Amos Dixon addressed the attempt to hide the murder but said nothing about cleaning up the shed. He said that they stripped Emmett of his clothing long after they left Sunflower County. They then dumped the body in the river. After that, they returned to the Milam plantation, and, at this point, they recruited Levi Collins to wash blood out of the truck. Someone told Collins that the blood came from a deer and that they wanted to hide evidence from the game warden in case he came around. Collins was also told to burn the clothes, which he did. He tried to burn Till’s shoes, but the fire could not consume them. Collins then buried them instead.60
Milam told a similar story to Huie, who wrote that “for three hours that morning, there was a fire in Big Milam’s back yard: Bobo’s crepe-soled shoes were hard to burn.” Oudie Brown said that Levi Collins pointed to a shoe on the ground and told him that it had belonged to the murder victim. Henry Lee Loggins, despite denying any involvement, said that someone showed him a partially burned shoe and said that it belonged to a boy Milam had killed the night before.61 Dixon is clearly wrong that this happened at the Leslie Milam–managed plantation because all witness testimony regarding the shoe points out that they saw it in Glendora. This makes sense, because if Collins was recruited only to clean up the mess, the men would have had to have gone to Glendora to get him. During his investigation, Dale Killinger learned that many people in Glendora recalled seeing the truck, and seeing Collins, Loggins, and Otha Johnson lounging nearby or cleaning up the mess.62
The origin of the cotton gin fan used to weigh down the body has never been definitively determined. Milam told Huie that they secured the fan from the Progressive Ginning Company. Huie was specific about the location. “This gin is 3.4 miles east of Boyle: Boyle is two miles south of Cleveland. The road to this gin turns left off U.S. 61, after you cross the bayou bridge south of Boyle.” In 1985, Roy Bryant said that the group never went to Boyle, but he failed to say where the fan came from. This was technically true; even if they went to the Progressive gin, it was not actually in Boyle. Dixon said that it was taken from an abandoned gin familiar to Leslie Milam but not to J. W. However, Dixon did not identify it or its location. After law enforcement officials examined the shed on the Drew plantation on day two of the trial, they stopped at an old cotton gin located in Itta Bena and discovered that the fan was missing. It is unknown why they stopped at that particular gin. If they were acting on a tip, that fact was never disclosed, and they never determined that this was the correct gin. In a film shown at the Emmett Till museum in Glendora, former Glendora resident Robert Walker recalled seeing the gin fan thrown into the truck while it was parked near the M. B. Lowe cotton gin, which sat close to Milam’s house within that village.63 The gin now houses the Emmett Till Historic Intrepid Center (ETHIC). A marker placed outside the building states that the “old metal fan” used to weigh down Emmett’s body “was taken from this gin.” That has never been determined, and, so far as is known, the only statement from Milam or Bryant was supplied to Huie.
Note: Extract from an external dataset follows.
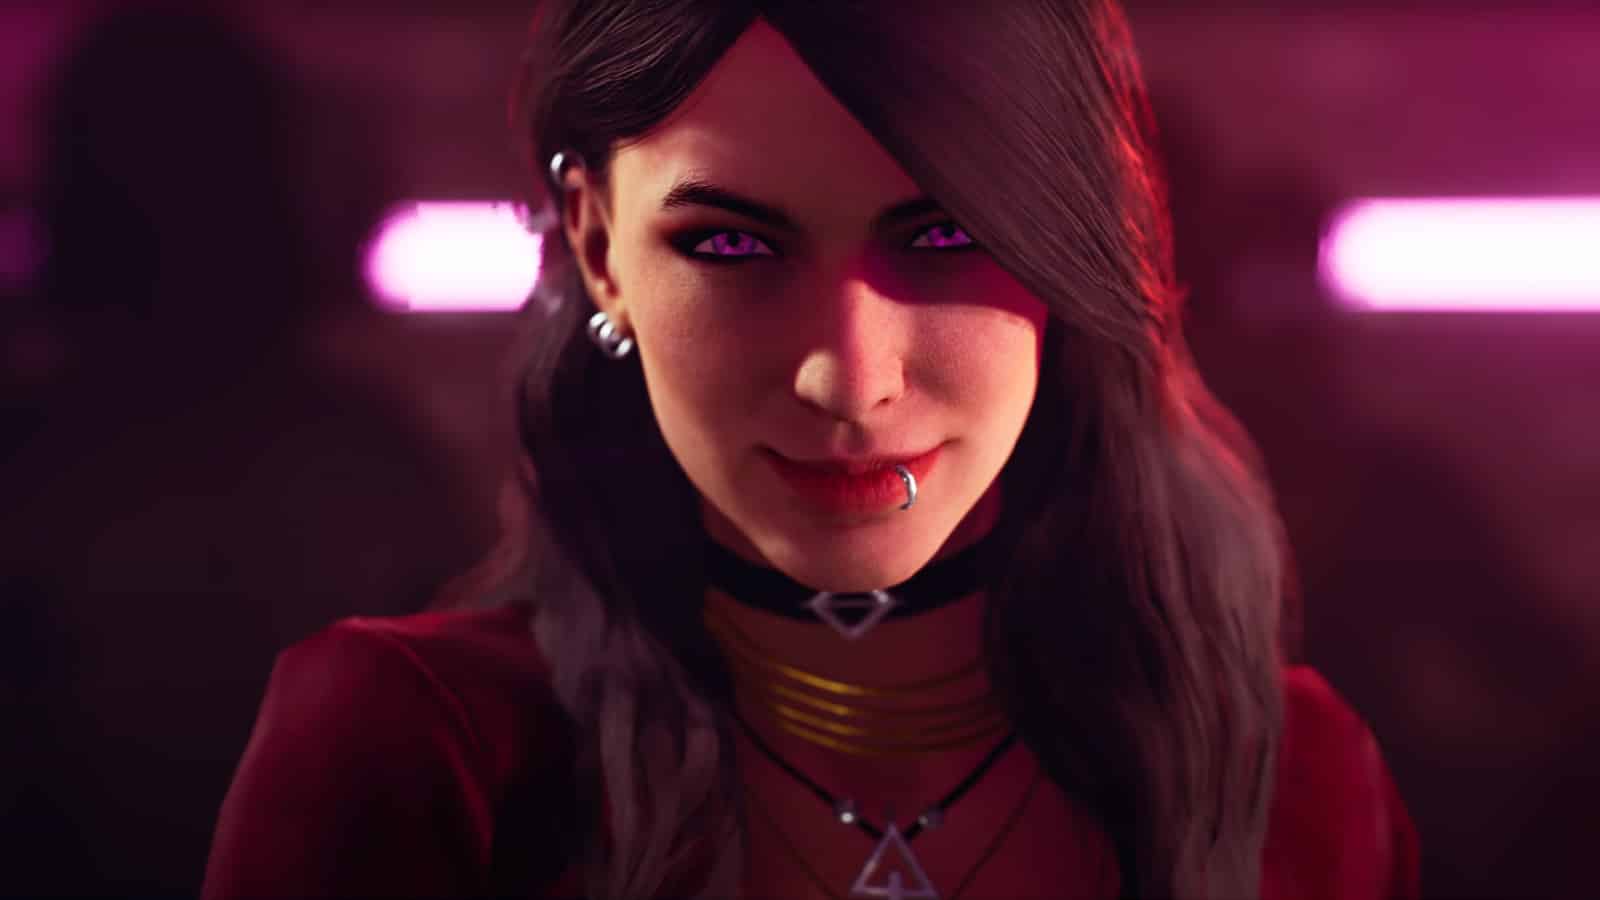 Paradox Interactive reveals the next playable clan in Vampire: The

When and how were Roy Bryant and J. W. Milam arrested?
There is no confusion about Roy Bryant’s arrest, which was detailed in court by Sheriff George Smith of Leflore County and also to defense attorneys before the trial. On Sunday afternoon, August 28, Smith and his deputy, John Cothran, drove to Money and stopped at the Bryant store at about two o’clock. They learned from other family members who were there (not Carolyn) that Roy was still sleeping. Bryant got up, and Cothran took him out to the car, where Smith questioned the suspect. Bryant admitted to taking the boy from Mose Wright’s home but said he let him loose after Carolyn told him that he had the wrong one. Smith then arrested Bryant and took him to the Leflore County jail.64
Oudie Brown, interviewed for Stanley Nelson’s PBS documentary, The Murder of Emmett Till, claimed that he witnessed Sheriff Smith arrest J. W. Milam at a store in Minter City.
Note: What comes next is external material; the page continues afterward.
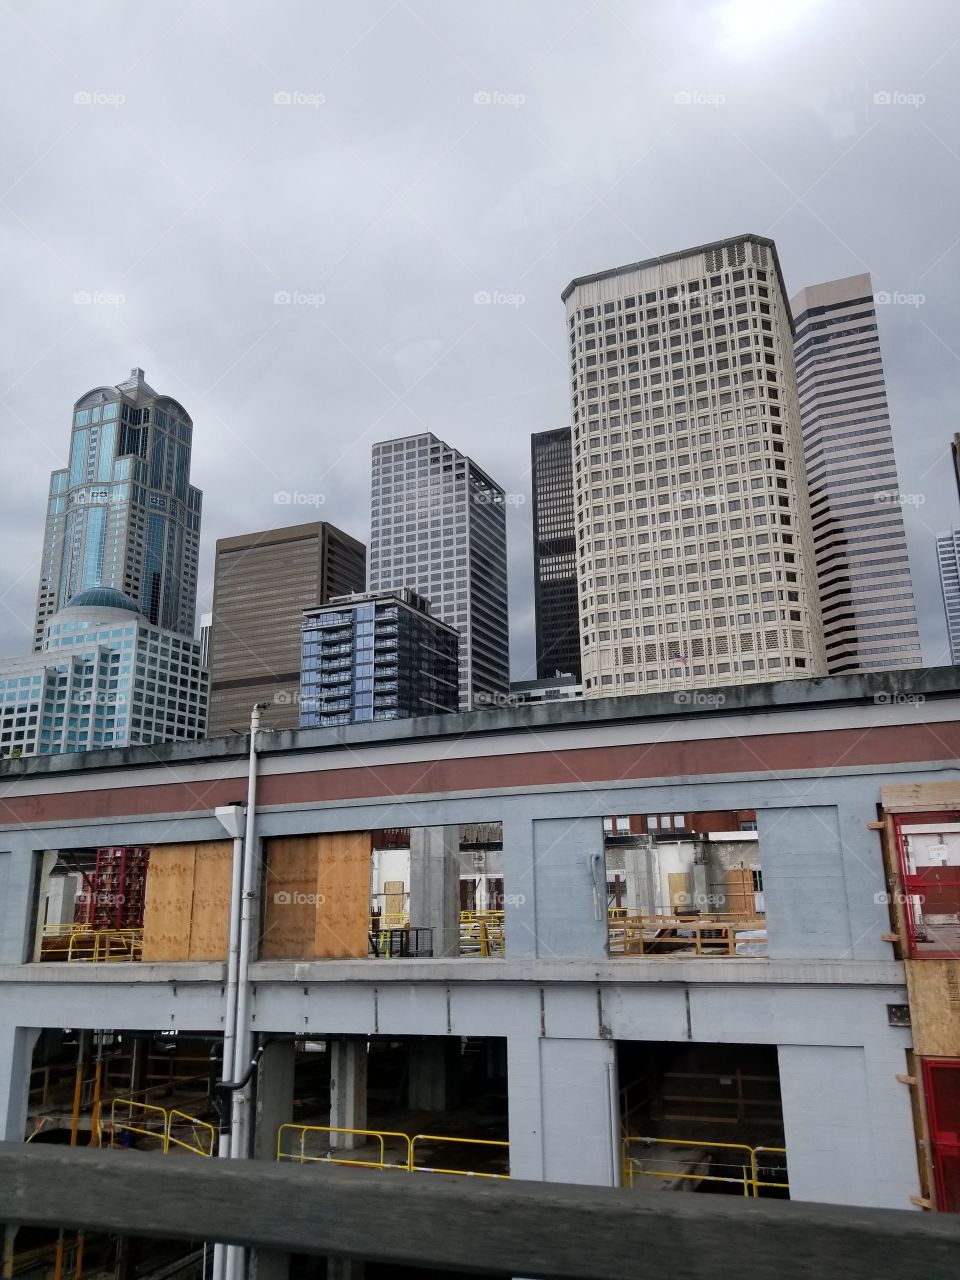 Contrast of finished Skyscrapers with boarded up windows of building in front May 17 2017 Seattle No edits

“J. W., I got a writ for you. Is you goin’?” Smith asked.
“Hell no. That’s shit you talking,” responded Milam.
The sheriff left but went back within a couple of hours. “J. W. Milam, I come at ya. I’m gonna carry you dead or alive. You just well get ready to go.”65
This alleged encounter never occurred, however, although it is possible that Brown was remembering another occasion when Milam was arrested, perhaps for bootlegging. On Monday, August 30, the day after Bryant’s arrest, the Greenwood Commonwealth reported that Milam went to the sheriff’s office around noon to turn himself in. This was done, according to what Milam told Bonnie Blue, so that Milam could keep an eye on Bryant and make sure Bryant refrained from “running his mouth off” and stuck to the script they had come up with, which was probably the story that they took Emmett Till but let him go. When Killinger interviewed John Cothran during his investigation, Cothran recalled that on the day of Milam’s arrest, he spotted Milam outside the sheriff’s office, pointed him out to Smith, and that Smith said, “Oh dog gone let’s go get him. That’s Milam.”66
One interesting story recently came to light from Bobby Dailey, who sold Milam his 1955 Chevy pickup. GMAC became worried that with Milam in jail awaiting trial for murder, he would be unable to pay for the truck; to protect themselves, representatives from GMAC called Dailey and informed him that they were going to withdraw financing for the truck. GMAC also knew that the truck had become evidence. After the acquittal with the men out on bail awaiting kidnapping charges, Dailey went to visit Milam at a family store in Itta Bena and tried to work out a different finance plan; Dailey suggested that Milam apply for a loan from the Bank of Charleston instead. To Dailey’s surprise, Milam wrote him a check for the full amount, and Dailey never saw him again.67 Milam probably used the money he had received from William Bradford Huie for his “confession” in Look magazine.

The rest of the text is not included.